Effects of α-Al2O3 nanoparticles-doped on microstructure and properties of Sn–0.3Ag–0.7Cu low-Ag solder

Abstract

In order to enhance the properties of Sn–0.3Ag–0.7Cu low-Ag solder, α-Al2O3 nanoparticles with various content (0–0.5 wt%) were successfully doped into the solder paste with a self-designed dispersion step. After comprehensive study of the microstructures and properties of the novel nano-composite solder, several satisfactory modified results can be obtained. For instance, the wettability of solder was greatly improved with trace amount of α-Al2O3 nanoparticles-doped. The superior wettability was achieved by Sn–0.3Ag–0.7Cu–0.12Al2O3 solder with spreading area approaching to ~ 79 mm2. Detailed thermodynamic and kinetic analysis of how α-Al2O3 nanoparticles promoting the processes of solder wetting and spreading on Cu substrate were given.
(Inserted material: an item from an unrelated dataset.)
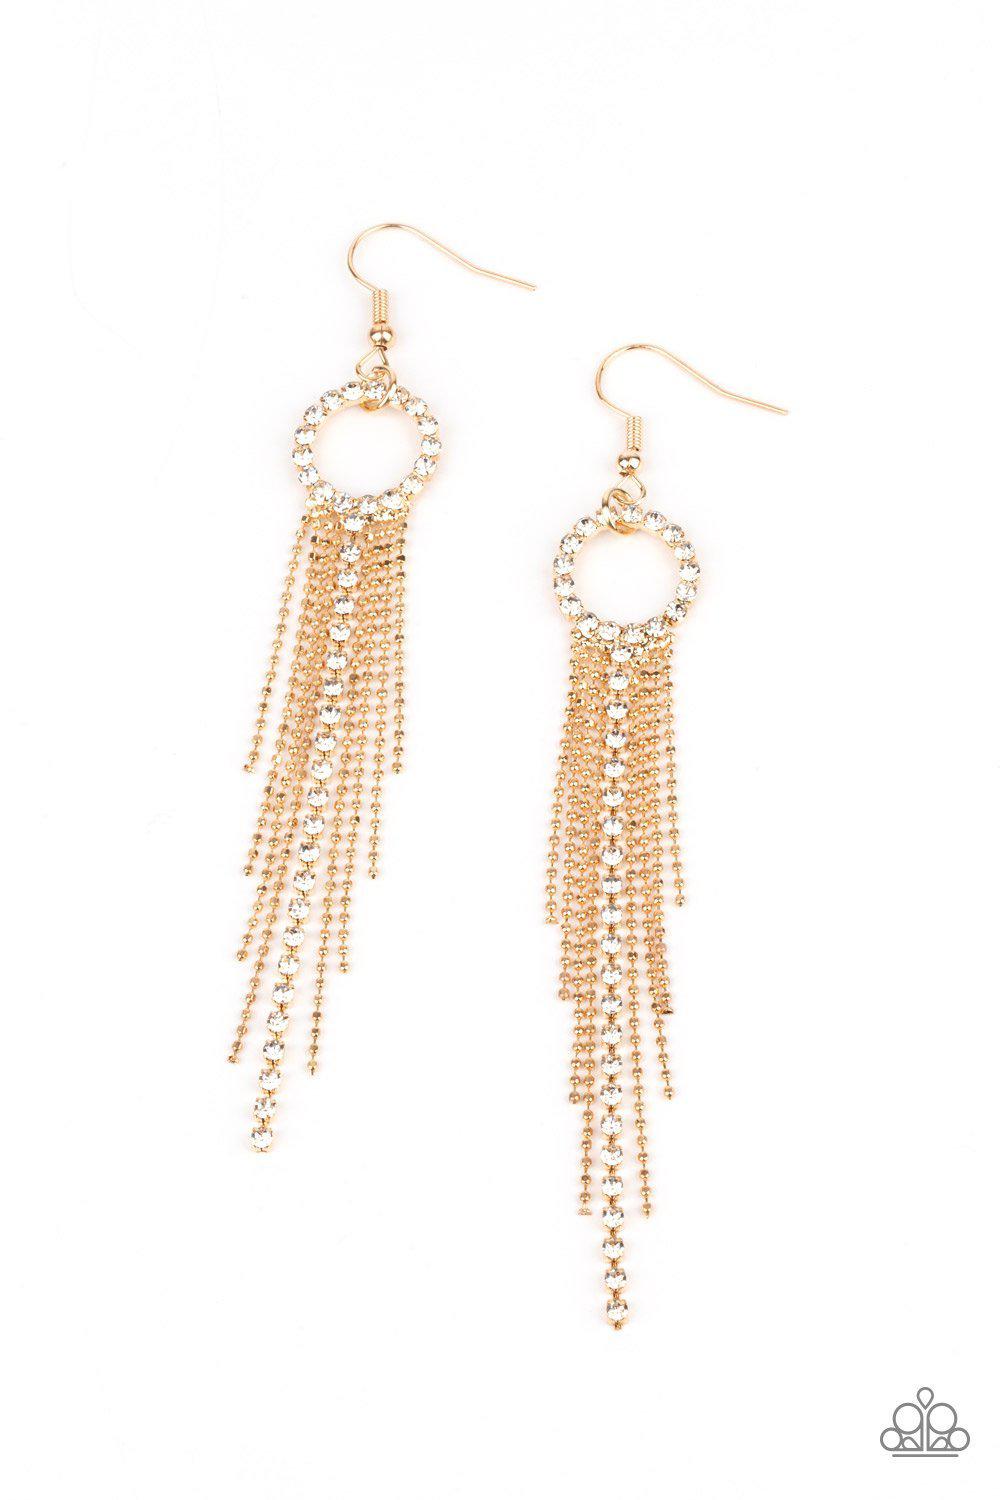 Pass The Glitter Gold and White Rhinestone Earrings - Paparazzi Accessories- lightbox - CarasShop.com - $5 Jewelry by Cara Jewels

In addition, the joint soldered with Sn–0.3Ag–0.7Cu–0.12Al2O3 displayed the highest shear force (57.1 N) with a typical ductile fracture failure mode. This relates to the evidently refined microstructure as well as the well-controlled growth of interfacial Cu6Sn5 IMCs. Corresponding theoretical analysis shows 0.12 wt% Al2O3 nanoparticles-doped can decrease the growth rate constant of interfacial Cu6Sn5 IMCs from 5.08 × 10−10 to 1.71 × 10−10 cm2/s.